Biomarkers of mucosal injury

The conceptual application of biomarkers to assess the severity and course of cancer therapy-related injury is not new. A range of biomarkers have been investigated including citrulline, calprotectin and the pro-inflammatory cytokines [51, 103, 104]. For a biomarker to have clinical utility, it should have some actionable clinical value. Alternatively, as a research tool, robust biomarkers would serve as real-time surrogates of mucosal injury. In this respect, there has been some success.
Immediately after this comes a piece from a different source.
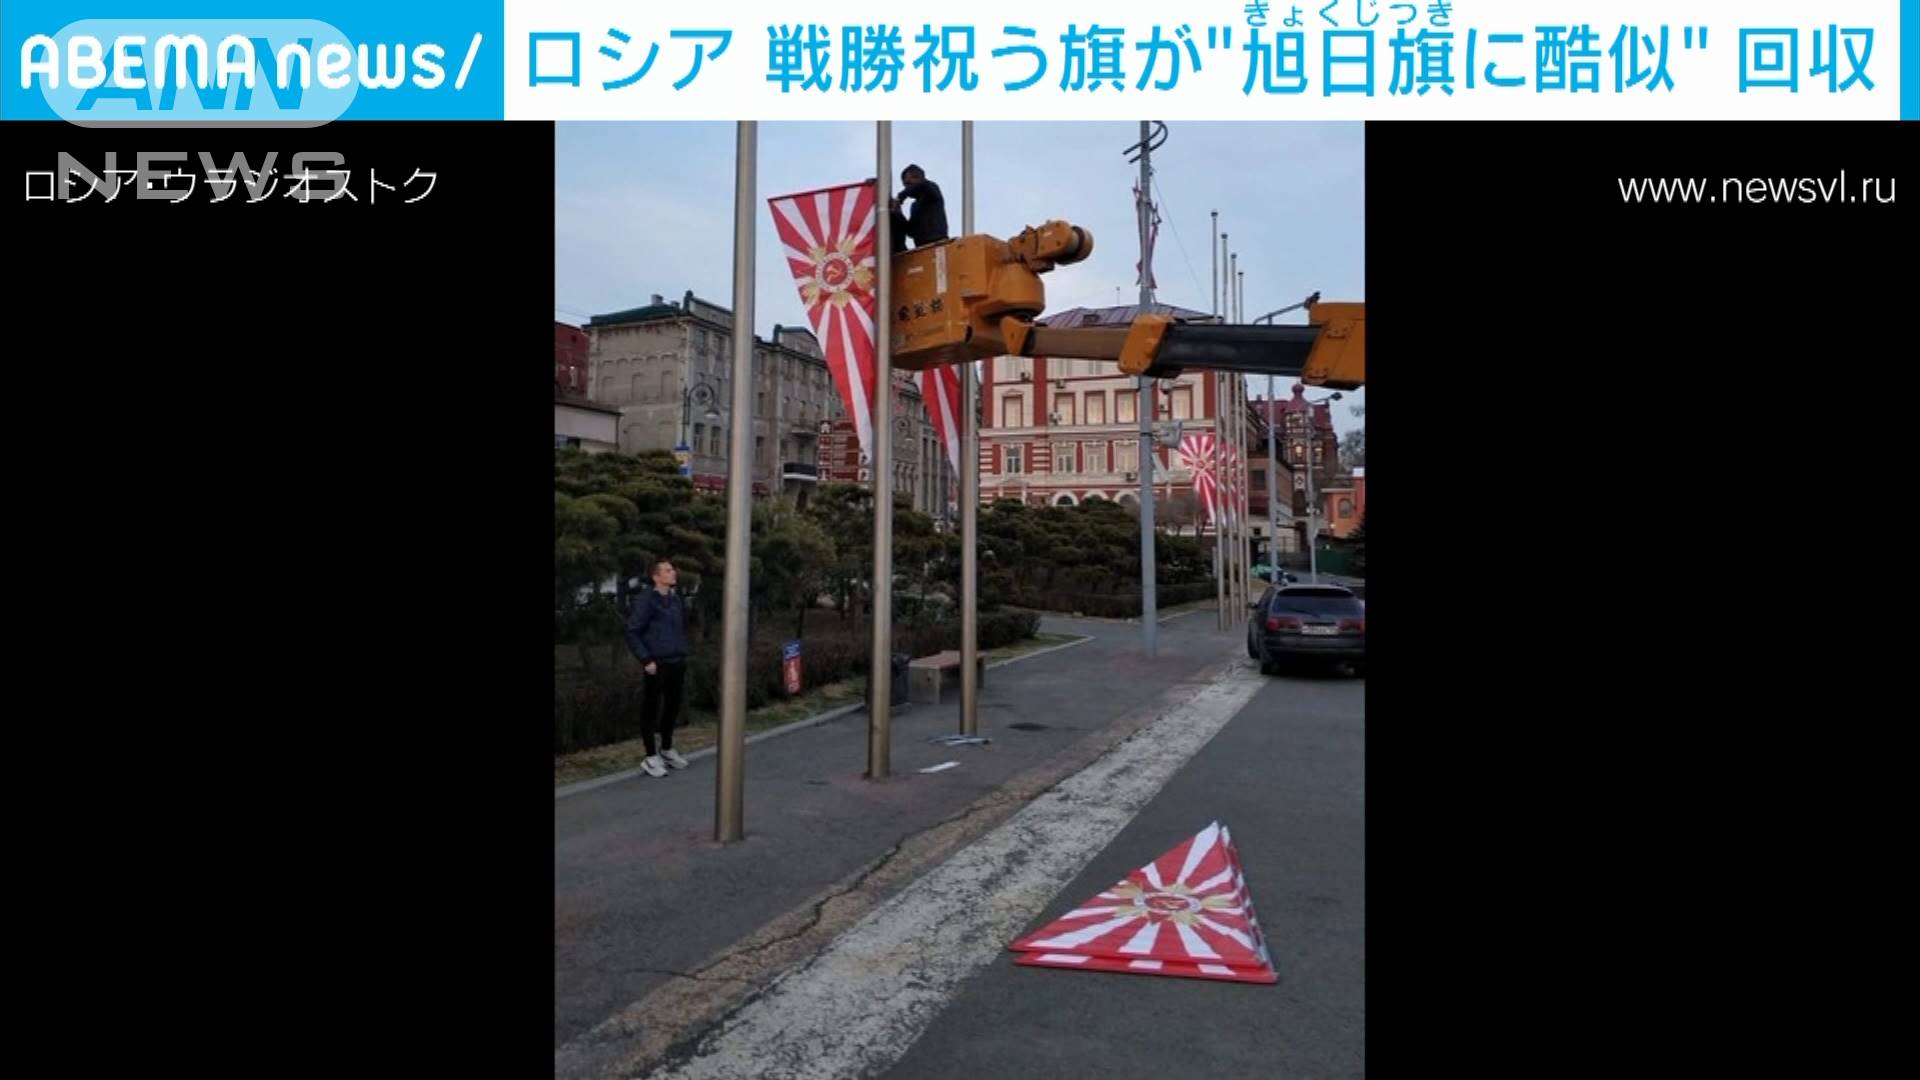 ロシア 対独戦勝祝う旗が 旭日旗 に酷似で回収 テレ朝news テレビ朝日のニュースサイト

An emerging class of biomarkers for mucositis is the pro-inflammatory cytokines and matrix metalloproteinases (MMPs). These have augmented expression profiles in the alimentary tract in animal models of mucositis [19, 50]. Preliminary findings from a pilot human study suggest that TNF, IL1β, MMP-3 and MMP-9 are potential biomarkers of gastrointestinal toxicity induced by 5-fluorouracil, capecitabine or irinotecan. Apoptotic and inflammatory markers detectable in cytologic smears have also been suggested as potential biomarkers of OM [105]. Prospective studies are now required to assess the feasibility of biomarkers for mucositis in particular and regimen-related toxicity in general.

Conclusions

The ultimate goal of mucositis researchers is to be able to predict toxicity risk and personalise toxicity interventions to genetically suitable patients. Continuing research efforts are needed to further our understanding of mucositis pathobiology and the pharmacogenomics of toxicity. This can be achieved by performing high-quality pre-clinical research in validated and clinically relevant animal models and investigating the potential of these findings for toxicity prediction and attenuation in the clinic.